### DATA SECTION
========

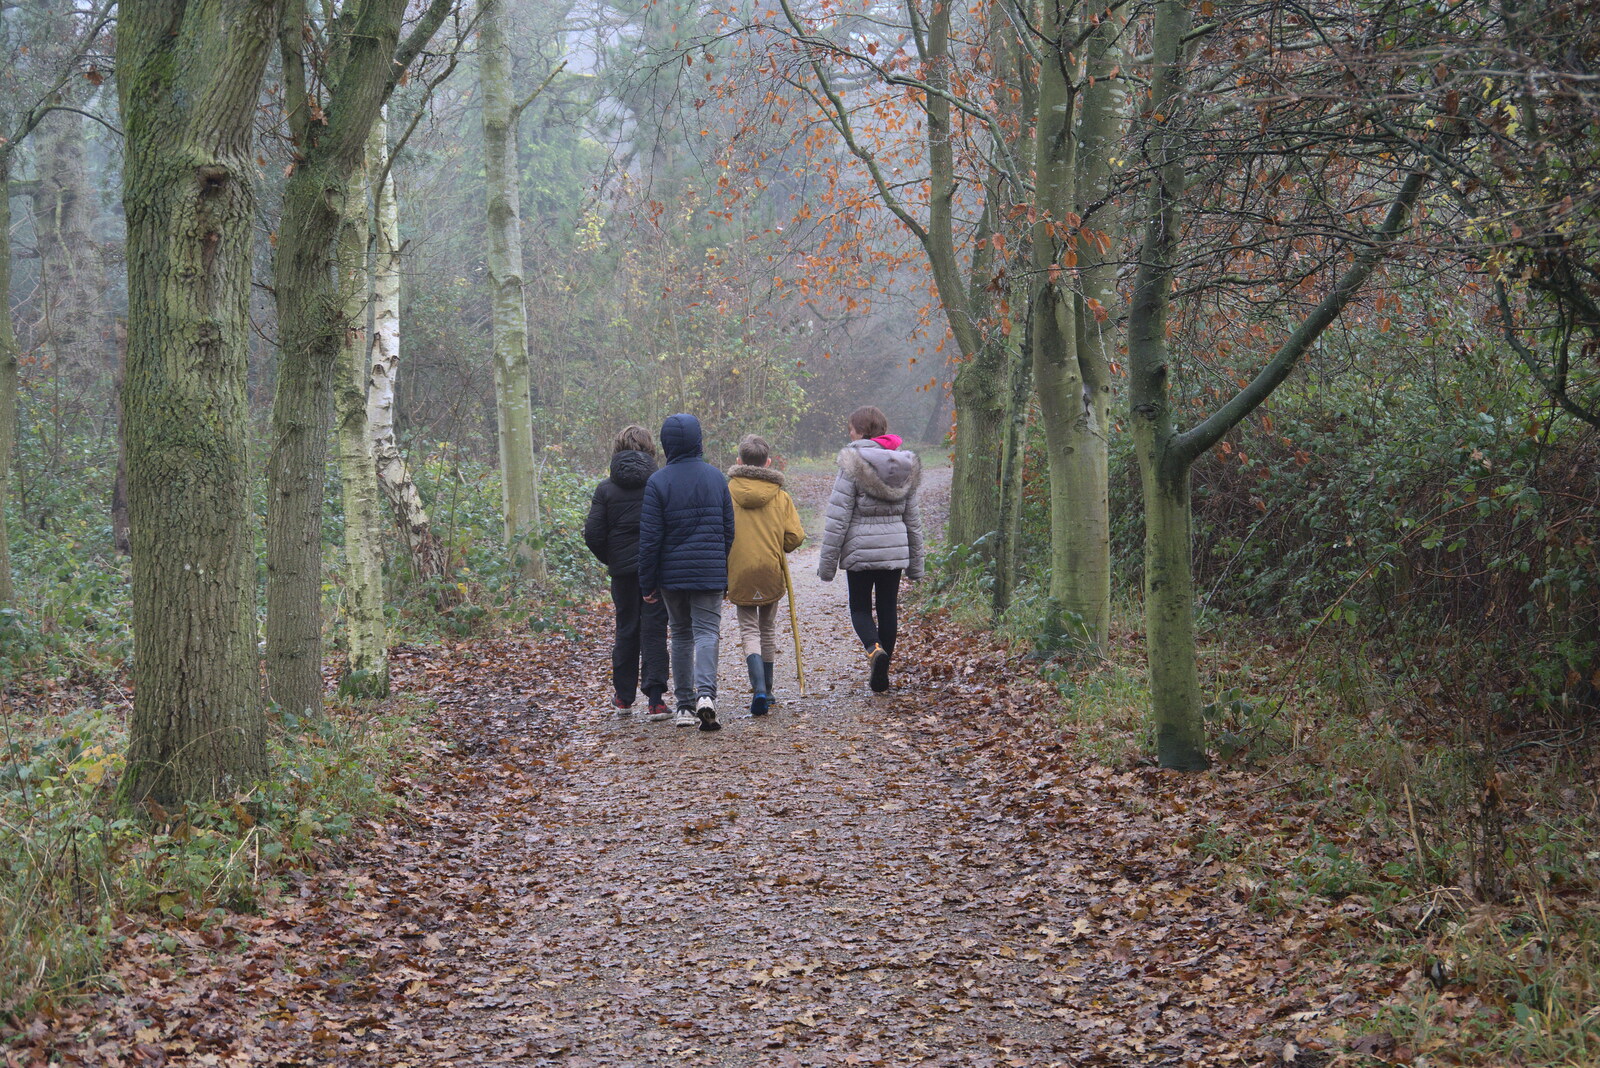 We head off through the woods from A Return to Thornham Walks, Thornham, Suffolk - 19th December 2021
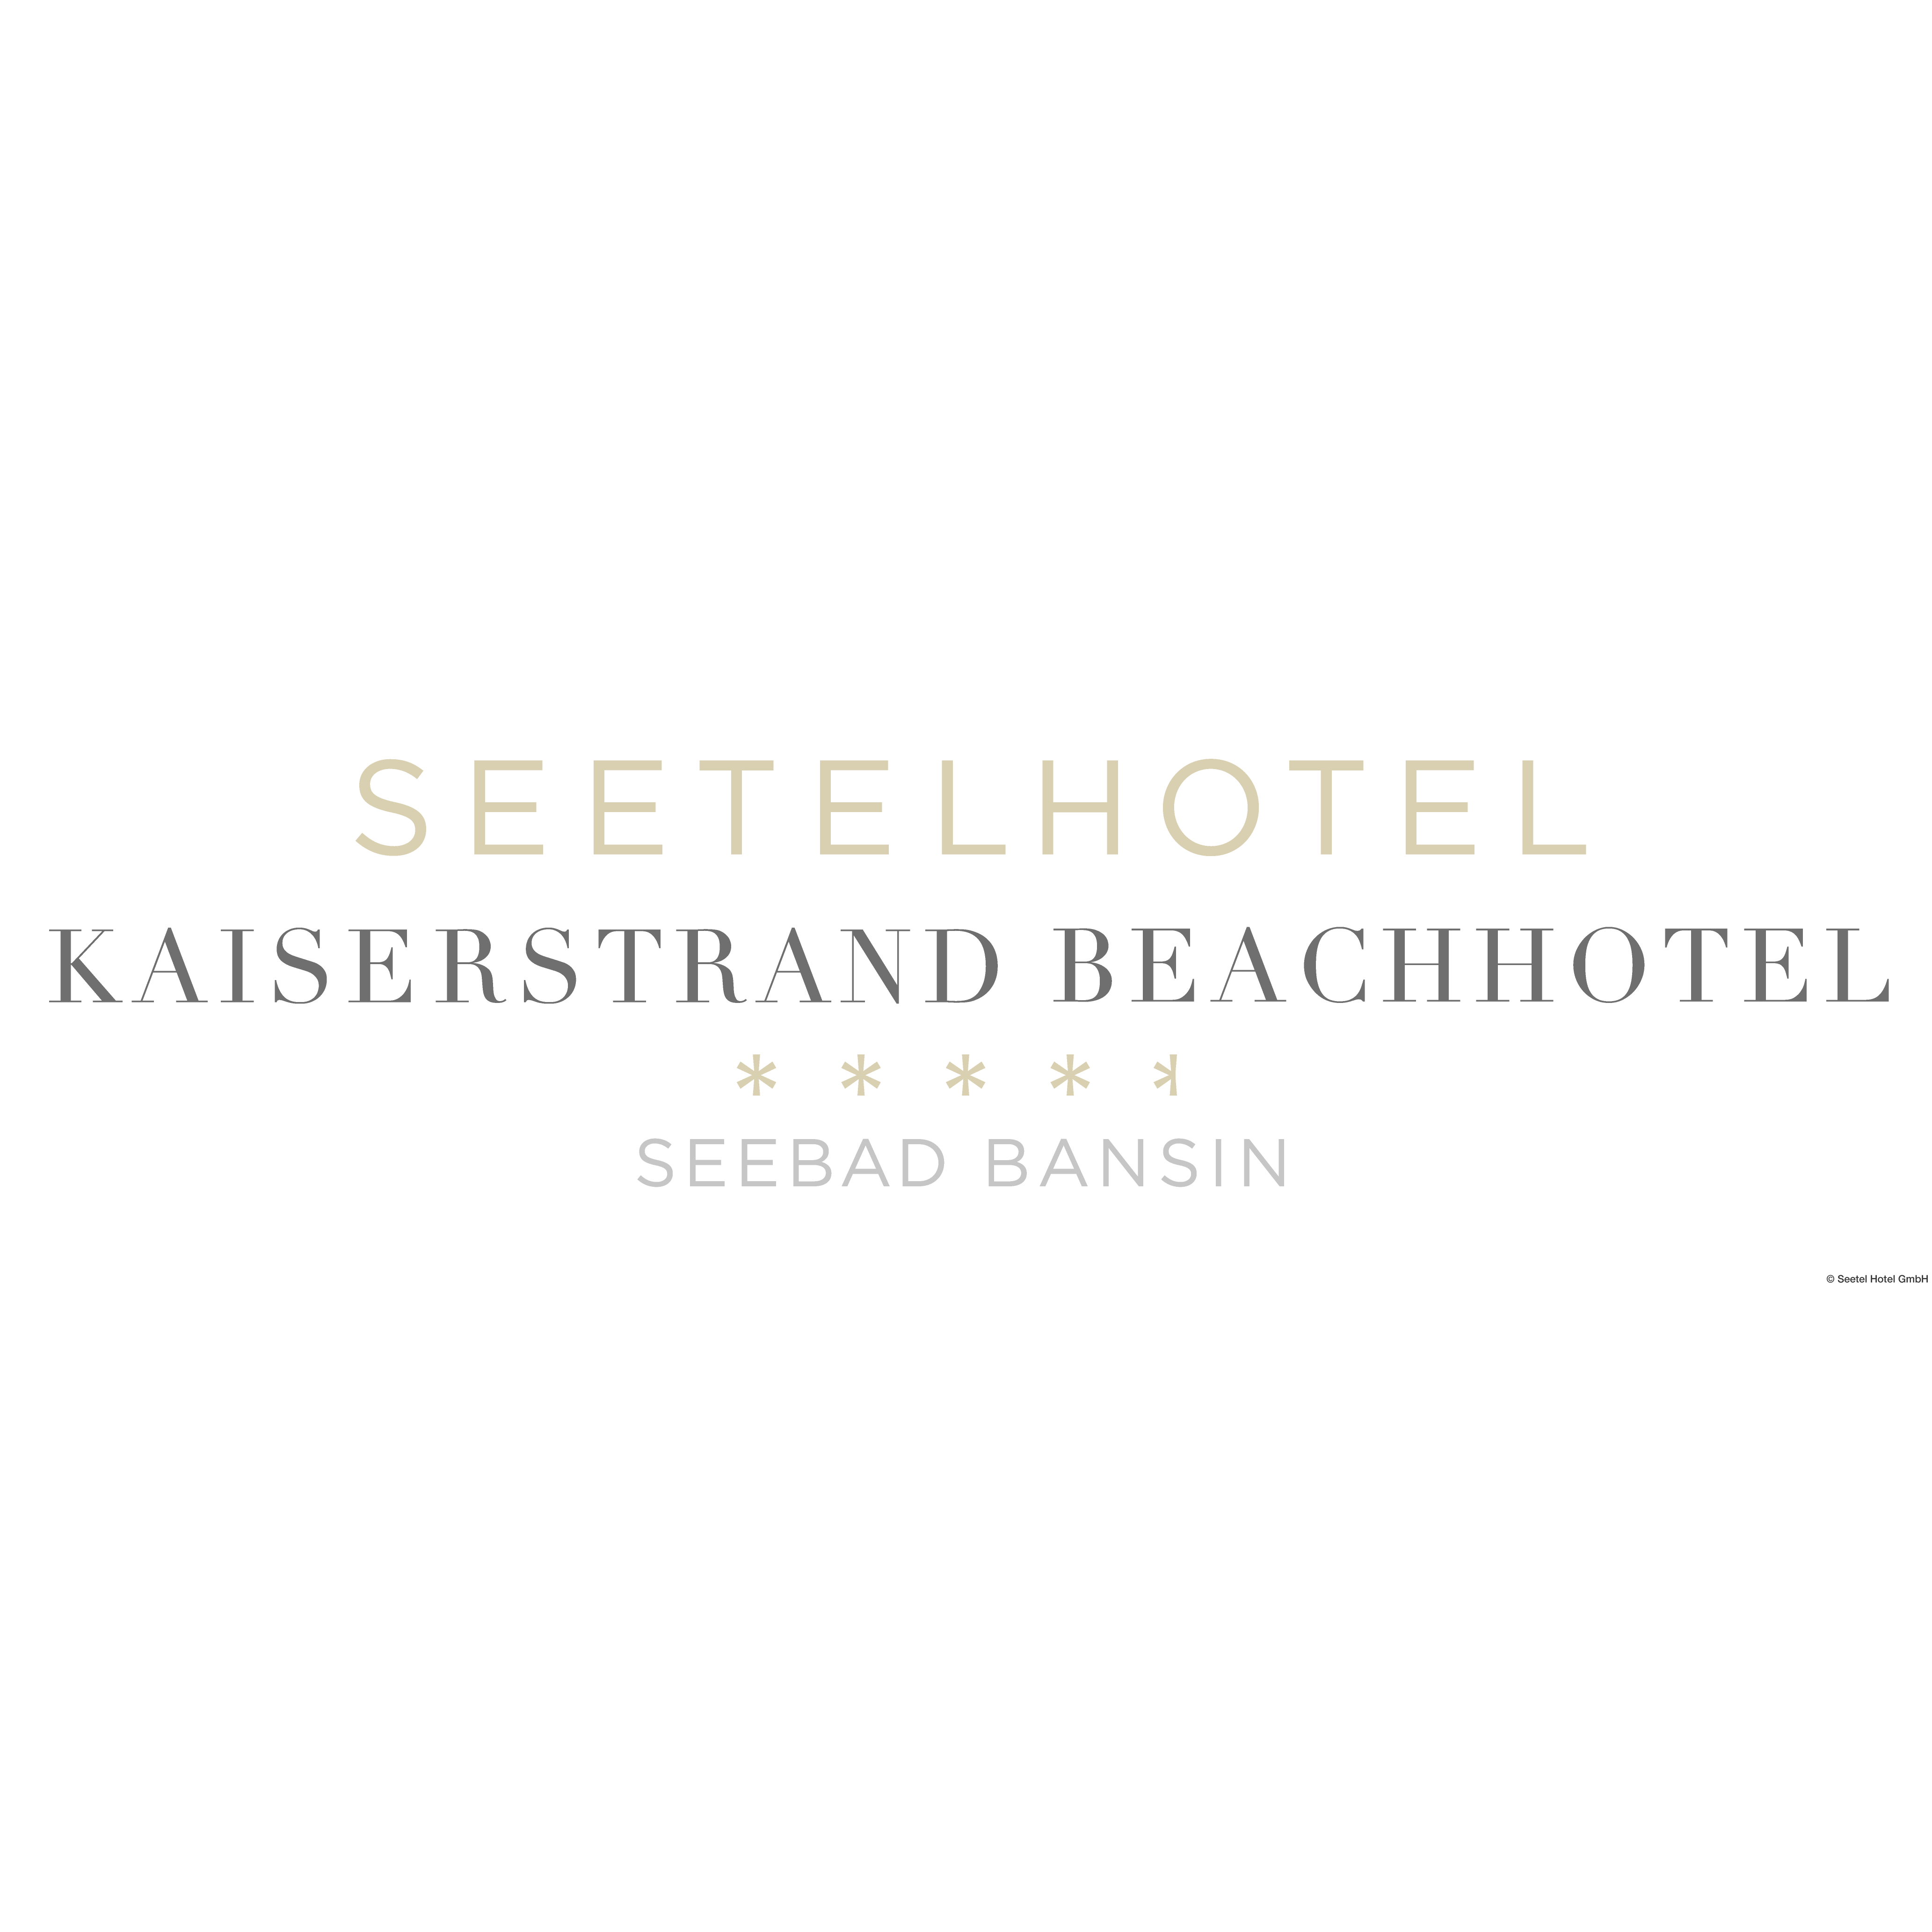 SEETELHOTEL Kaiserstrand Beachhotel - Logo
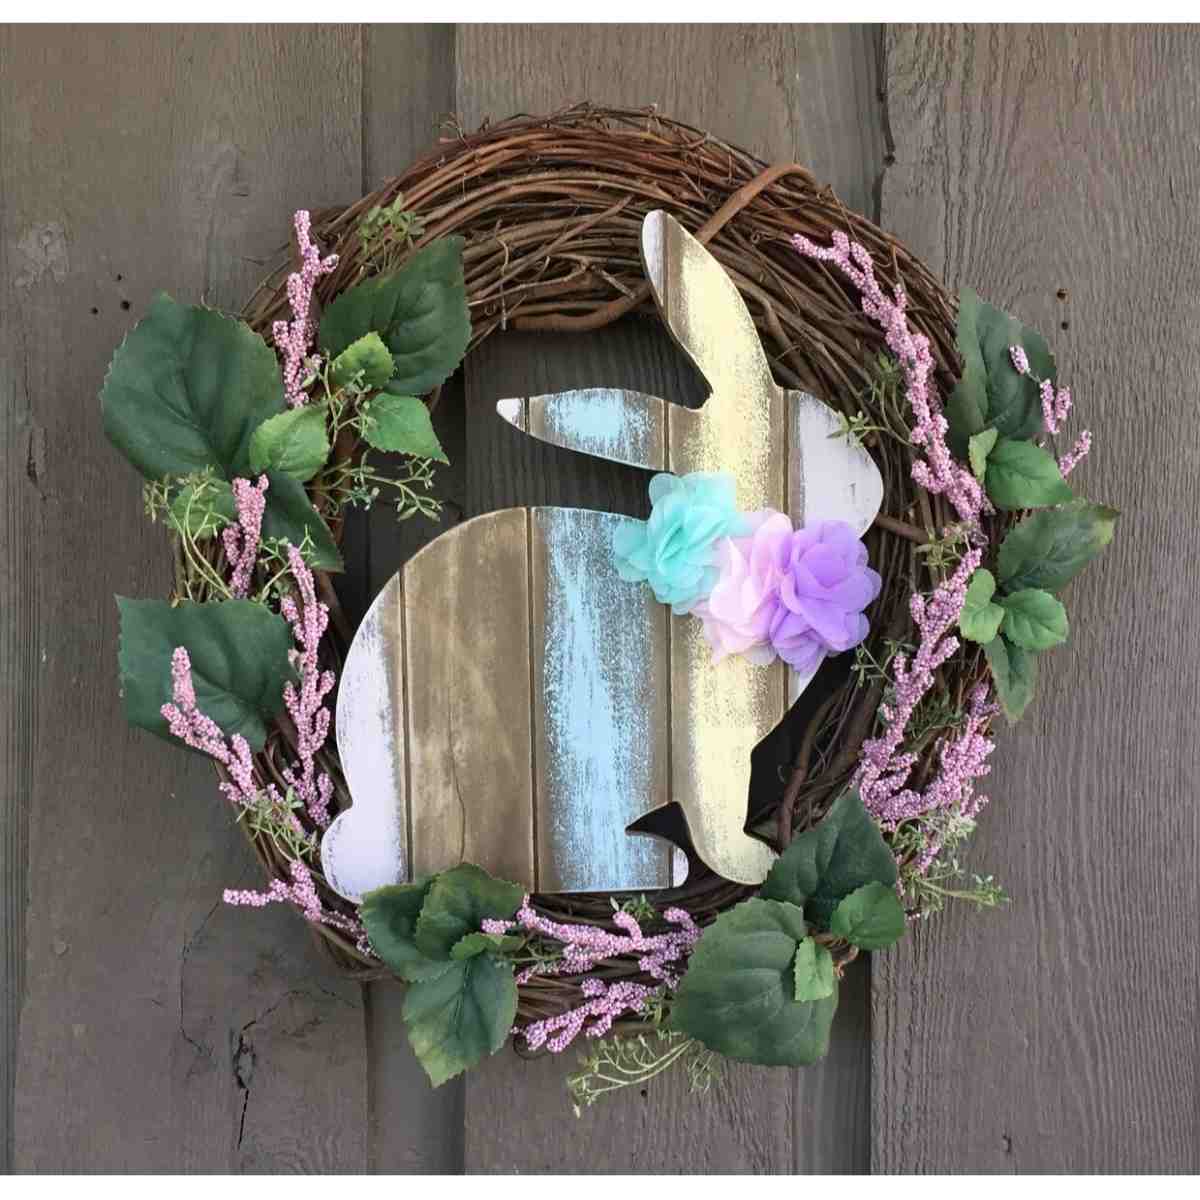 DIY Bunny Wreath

========

### REQUIRED ACTION
Return all the data exactly, and keep the pictures out.

### TASK SOLUTION
 We head off through the woods from A Return to Thornham Walks, Thornham, Suffolk - 19th December 2021
 SEETELHOTEL Kaiserstrand Beachhotel - Logo
 DIY Bunny Wreath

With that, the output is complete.